Judges Reunite Texas Congressional District

A three-judge federal panel on Friday reunited Webb County into one congressional district, solidifying Hispanic voting strength in South Texas.

The U.S. Supreme Court remanded the map to the three-judge federal panel to redraw the sprawling 23rd Congressional District, which it ruled in June unconstitutionally diluted Hispanic voting strength.

"These changes restore Latino voting strength to District 23 without dividing communities of interest," the judges said.

The panel reunited Webb County, which includes the majority-Hispanic city of Laredo, and placed it entirely in the 28th Congressional District, which is adjacent to the 23rd District. It added portions of Bexar County, which includes San Antonio, to the 23rd District.

The district stretches from Laredo to El Paso County and north to San Antonio. The high court ruled that the district boundaries drawn by Republican state legislators in 2003 diminish Hispanic voting power because a large cluster of Webb County Hispanics were divided into two different congressional districts.

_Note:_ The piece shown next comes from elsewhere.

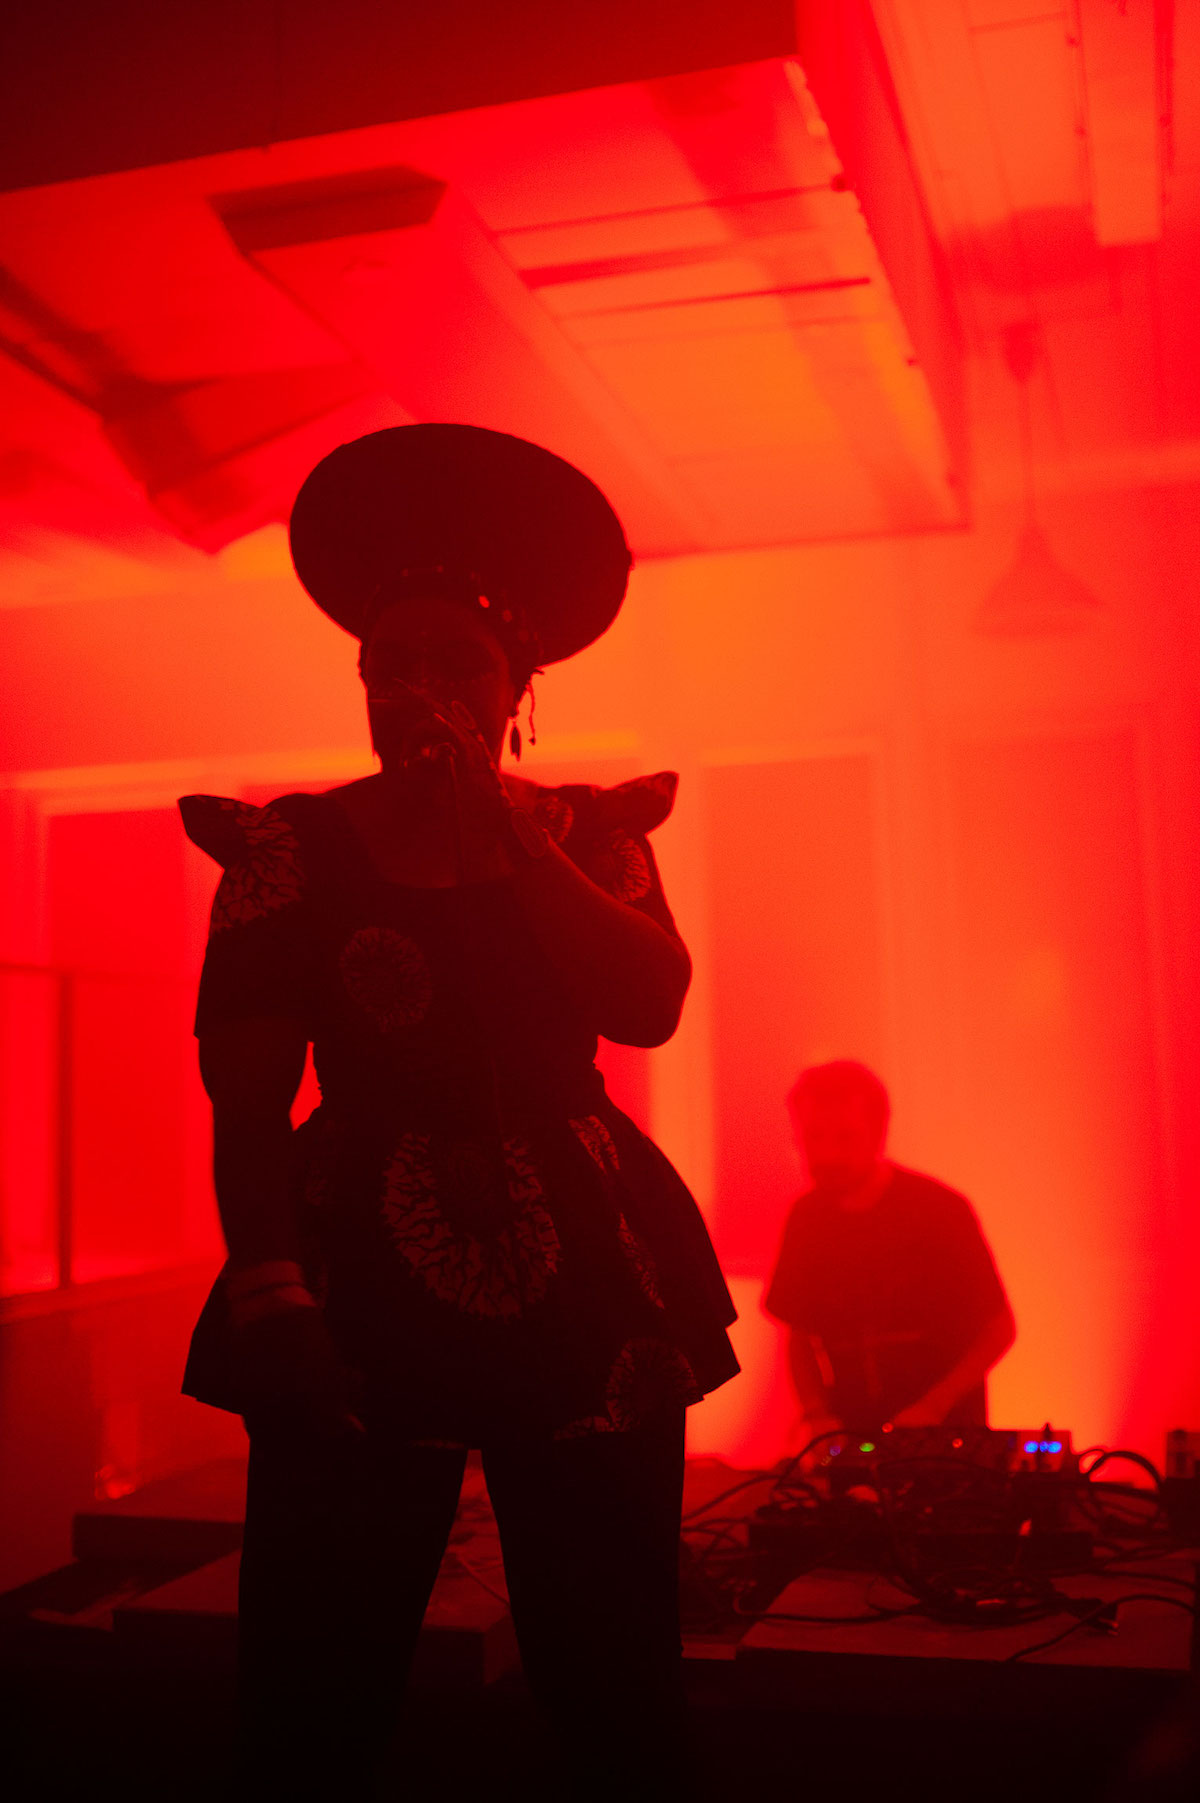 A performance situation with MC Yallah. She is standing in front of a mixing desk with many cables, a man can be glimpsed in the background. The stage behind her is illuminated by red light, which does not shine on MC Yallah. She stands in the dark and is not clearly visible. She wears what is called a Zulu hat, which fits tightly to her head and slopes upwards to finish in a large circle. She has a short dress with protruding shoulder appliqués and scattered large white flower-like patterns. With her left hand she holds the microphone in front of her mouth.

The new plan also moves Kerr, Kendall, Bandera, and Real counties into the 21st Congressional District, represented by Republican Lamar Smith of San Antonio.

The 23rd District, represented by Republican U.S. Rep. Henry Bonilla of San Antonio, under the map the judges issued Friday, has a 61 percent Hispanic voting age population, compared with 51 percent under the Republican-led redistricting. It also now will be more evenly divided between Democratic and Republican voters.

Under the new plan, all incumbents would remain in their current districts.

Because the districts have been redrawn after the primary elections, the seats are open now to anyone who wants to run. Candidates have until Aug. 25 to file for the race. A special election will be held alongside the general election for congressional seats in the affected districts.